We can't write secure code

David Lacey makes the important point that writing secure software is “not just about cutting secure code or developing better testing tools. We need to get things right much earlier in the development process.” It’s a subject I’ve been harping on about for some time, with many references to excellent resources such as OWASP, and great leaders on the subject such as Mark Curphey.

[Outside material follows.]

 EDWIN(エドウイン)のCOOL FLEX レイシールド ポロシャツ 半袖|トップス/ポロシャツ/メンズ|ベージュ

Over the last few years I’ve heard many solutions proposed to fix the problem of insecure software, ranging from sacking the developers to improving the software development lifecycle so that security requirements are stated from outset and followed through into production and beyond. The evidence is that none of it works. OK, the folk at Microsoft, for example, will say that security is now embedded in their culture, and they’ve certainly generated a nice new stream of revenue for themselves out of all the books, tools and journals on the subject. But they are still releasing security patches with a frequency and schedule that the I wish the rail company I use each day could achieve with their trains. And other vendors are coming up with clangers at an alarming rate. For example, this latest one from leading CMS vendor RedDot. An SQL Injection vulnerability in an enterprise level CMS system – what were they playing at with their quality control?!

So, here’s the thing. We can’t write secure code. It’s true. Can you show me any decent commercial, consumer focused product (that people actually want to use – not just techies who haven’t seen daylight in 12 years and live on a diet of digestive biscuits) that is secure from the off as soon as it’s exposed to the Internet and where 12 months later it hasn’t required a patch of some sort? Systems are simply too complicated with too many lines of code for anyone to expect that they can be released without containing bugs and security holes. That doesn’t mean that we shouldn’t try, it just means that we should take a different approach. That approach, in my opinion, is to take a leaf out of the new edition of the PCI standards and stick a ruddy great application firewall in front of everything. That doesn’t make the code secure, it’s a sticking plaster over a wound. But – to continue the analogy – a plaster stops the bleeding, prevents germs getting in, and while it’s not a cure, it’s good enough.

I’m not knocking OWASP et al. It’s the first resource I recommend developers go to and will remain so. Just that the business expects more functionality, cheaper costs, more complexity, better performance, and a more rapid deployment for its products. Chucking in security with all that lot is like rubbing your belly and patting your head at the same time, while riding a motorbike. So, let’s make it easy on ourselves. Application firewalls!